31 May 2007

A Confederacy of Dunces

Over twenty years ago, when I was about to move to New Orleans, a coworker said I just had to read A Confederacy of Dunces because it was just great and really, really funny.

I didn't read it then. I'd hear about it from time to time, chiefly as a sad anecdote, since the author (John Kennedy Toole) committed suicide before his manuscript ever saw print and was awarded the Pulitzer Prize posthumously. His mother kept asking Walker Percy to read her son's manuscript until he relented, liked the book, and sent it along to his publisher. Toole died in 1969; the book was first published in 1980.

So here I am about to go to New Orleans for a meeting, and I thought: why not? So I picked up a copy. (Mine came from a used book store so it looked like the one on the upper right, but you can also get a newer edition, like the picture on the lower left.)

Well, I tell you, it's not necessarily the sort of book that will charm every reader. (What is?) Its humor reminds me of some of the other great comic/social/political novels of around that time -- say, Vonnegut and Catch-22.

The central character is Ignatius J. Reilly, a lazy, self-righteous, prudish, gluttonous young man who is dependent on his mother and doesn't treat her well.
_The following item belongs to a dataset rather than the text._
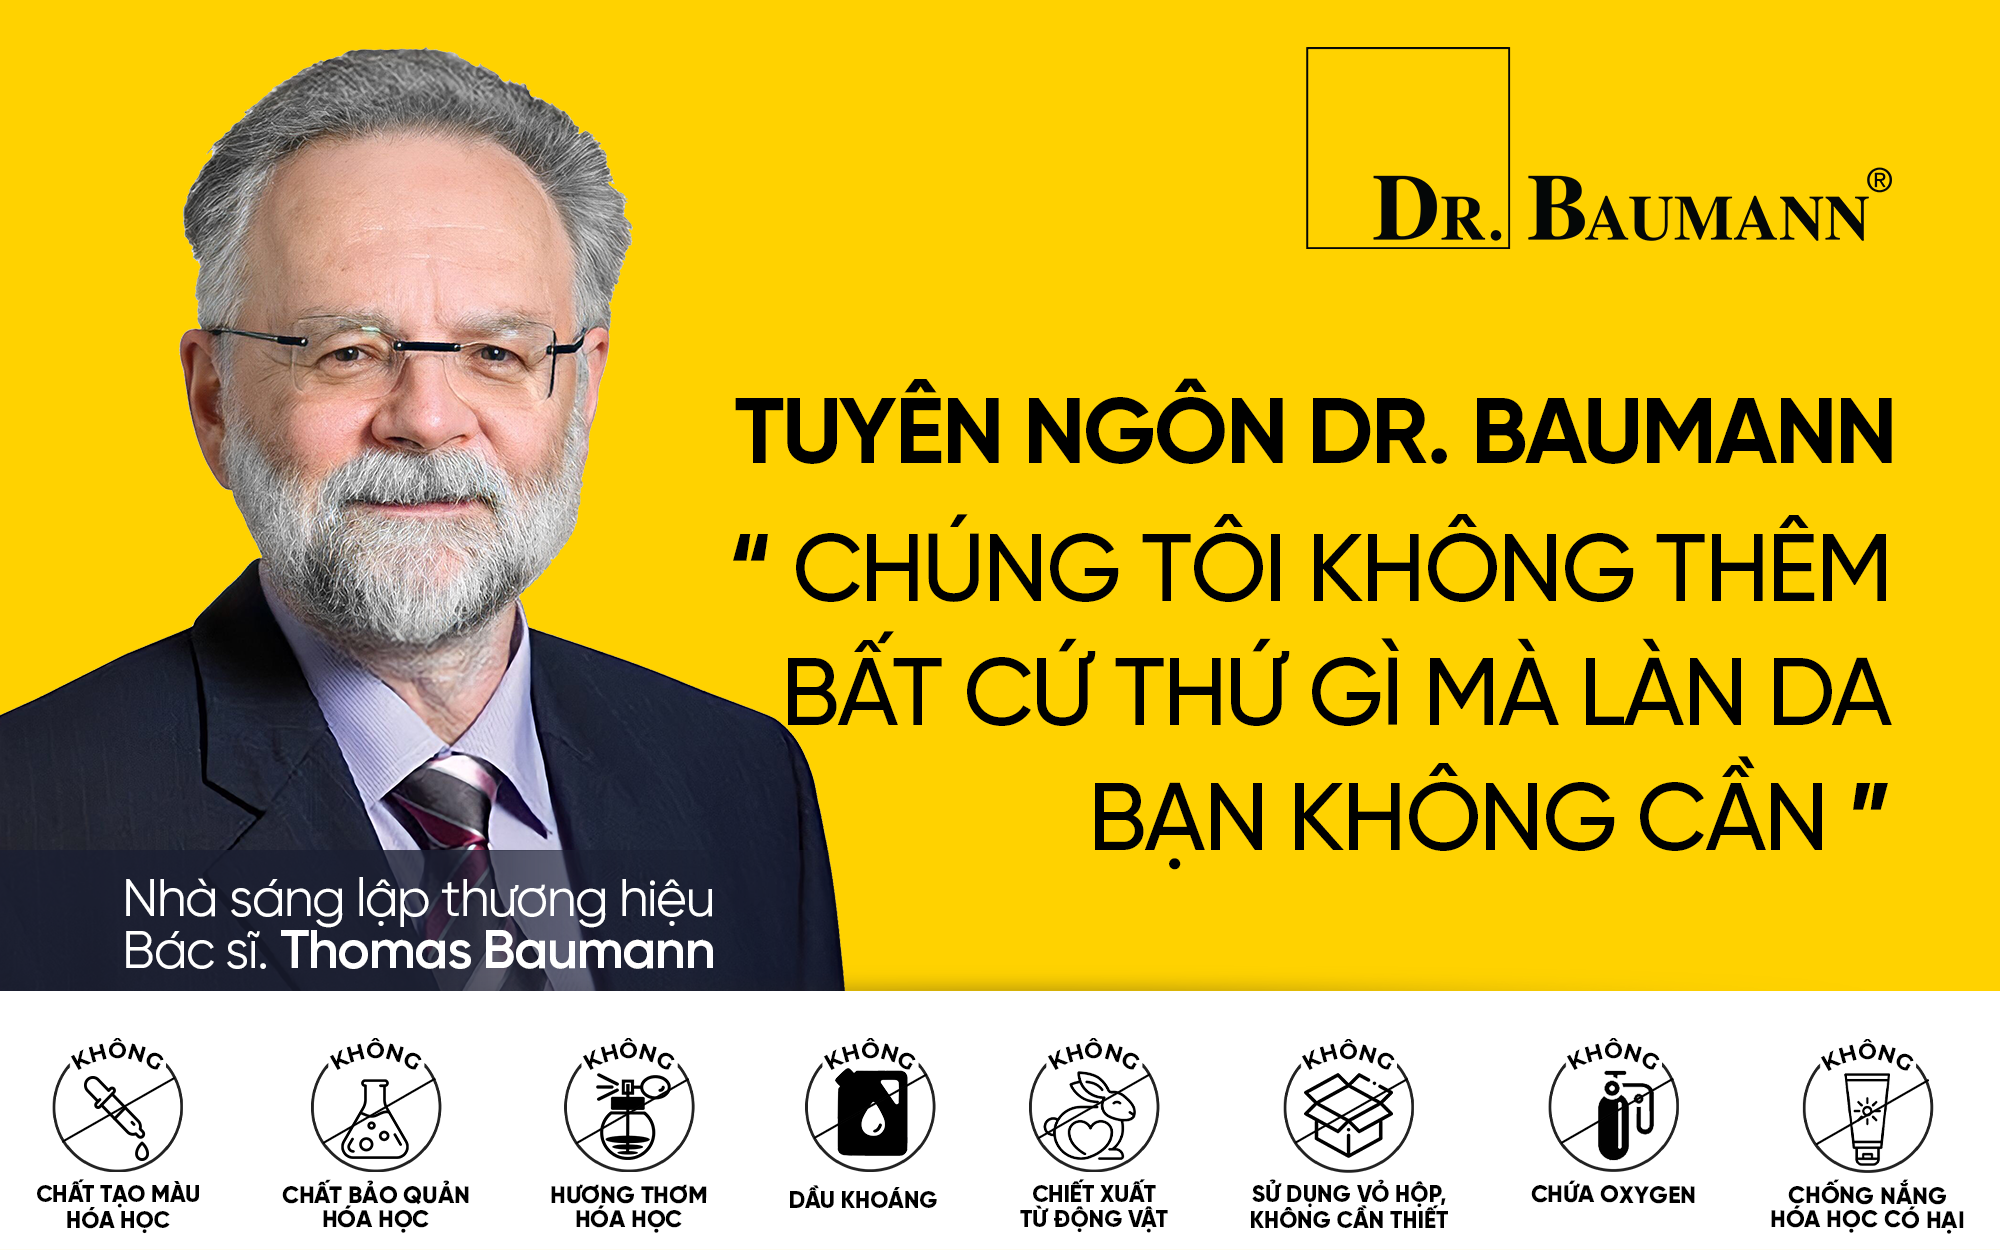 Review kem chống nắng Dr. Baumann Sun Lotion Factor 25 mà Sơn Tùng M-TP sử dụng trên Tiktok - 3

He fancies himself a great intellectual -- he did, after all, get a master's degree in just four years -- and spends long hours in his bedroom writing screeds in Big Chief tablets that are scattered on the floor. He has only left New Orleans once, for a job interview at LSU that turned out to be quite traumatic. Through a series of unfortunate events, he is forced to find employment.

The book has lots of clever plot twists, bringing together a large cast of eccentric characters against the backdrop of New Orleans. At the time when it was written, it must have seemed much bolder and more risque than it does now. Ignatius J. Reilly's great political inspiration is a political party of homosexuals, who (he believes) would be too concerned with other things to bother going to war. The gay men and lesbians in the book are not portrayed in a flattering light -- but, by golly, they're treated as respectfully as everyone else and seem better than many of the other characters.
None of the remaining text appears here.